Credit spreads have continued to compress, despite recent weakening, as yields remain near record low levels.

The five-year triple-A to single-A rated spread compressed to 57 basis points on Tuesday from 58 basis points at the beginning of October. It has compressed 25 basis points from 82 basis points at the beginning of the year.

The 10-year spread also compressed to 73 basis points from 74 basis points at the start of the month. It has fallen a whopping 33 basis points from where it began the year at 96 basis points.

The 30-year spread held steady at 73 basis points throughout the month but has fallen 16 basis points from the beginning of 2012 where it started at 89 basis points.

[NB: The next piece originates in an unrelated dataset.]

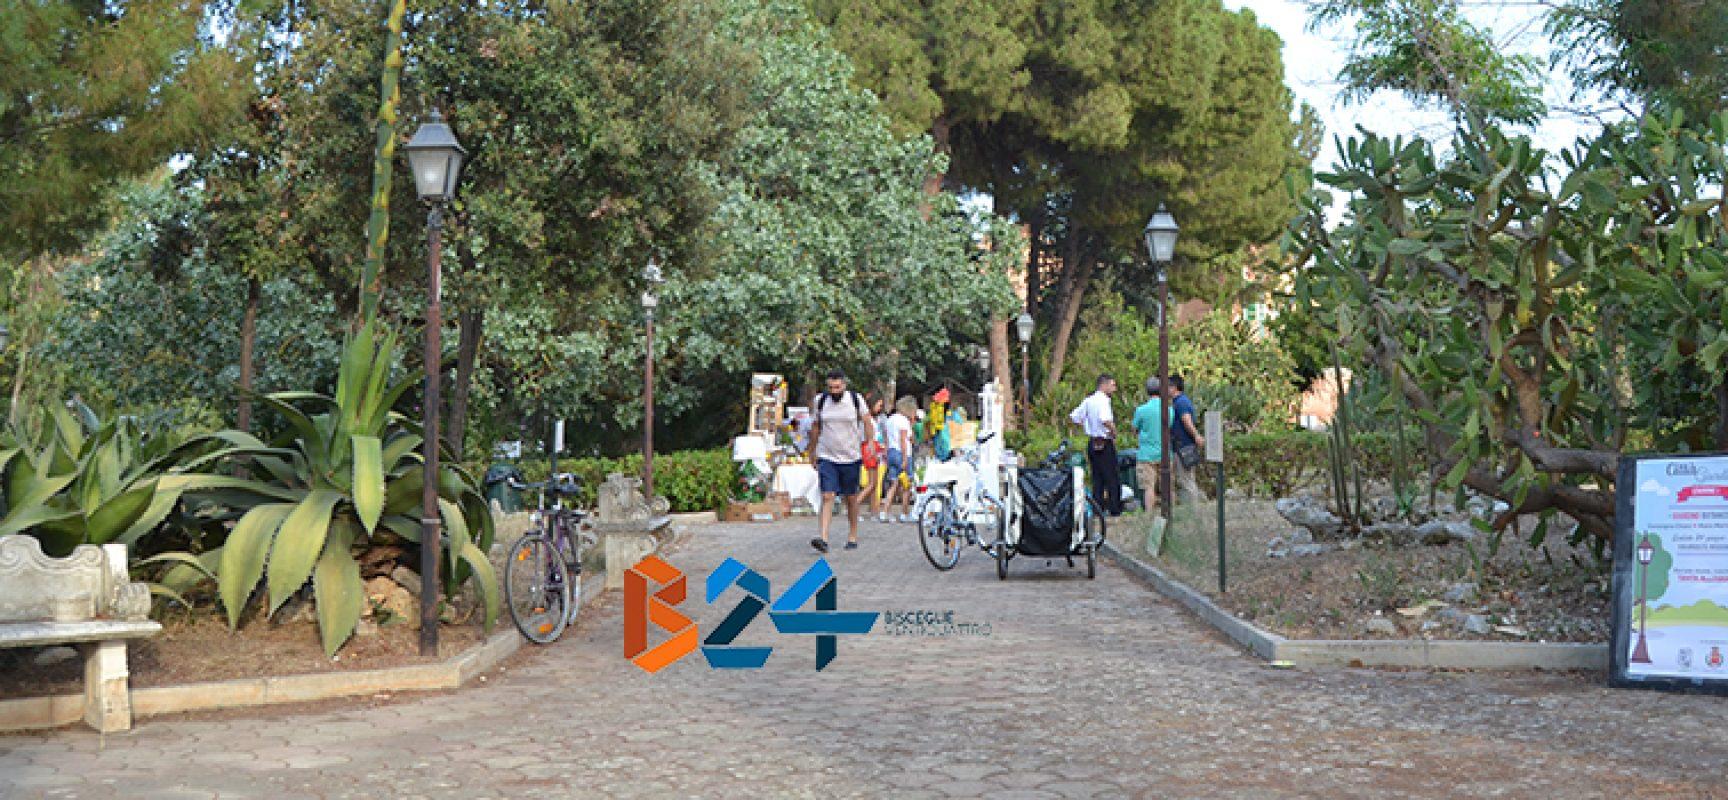 Lezioni di yoga e pilates al Giardino Botanico Veneziani a Bisceglie

To be sure, the slope of the yield curve has steepened throughout October as yields on the long end have started to sell off and investors shorten the duration of their bonds.

The one-to 30-year slope of the curve rose to 267 basis points on Tuesday from 265 basis points at the beginning of the month. But the slope is still much flatter from the 332 basis points it started at in the beginning of the year.

The 10- to 30-year slope also steepened to 117 basis points from 115 basis points at the beginning of the month. The slope is still very flat from the 169 basis points where it started in the beginning of January.

While munis have weakened over the past two sessions, the rally throughout most of October helped Standard & Poor’s Dow Jones Indices mutual funds to post gains. The S&P National AMT-Free Municipal Bond Index returned 0.04% month to date and 6.30% year to date while the S&P Municipal High Yield Index has returned 0.25% so far this month and 14.49% year-to-date.

High-yield sectors continue to outperform the market. The S&P Municipal Bond Tobacco Index returned 0.80% month-to-date and a whopping 17.55% year-to-date. The S&P Municipal Bond Land Backed Index returned 0.06% so far this month and 10.35% so far this year. Similarly, the S&P Municipal Bond Health Care Index returned 0.16% in October through Tuesday and 9.67% so far this year.

State specific indices that are outperforming the general market include Ohio which has returned 0.28% this month and 8.24% year-to-date. New Jersey has returned 0.15% this month and 7.66% this year.

Similarly, California has returned 0.09% so far in October and 7.83% so far this year. Illinois has returned 0.08% this month and 8.07% so far this year while Colorado has returned 0.07% through October and 8.12% through the year.

Michigan — which had one of the worst state economic readings last week by the Philadelphia Federal Reserve Bank — returned 0.15% so far in October and 7.24% so far this year.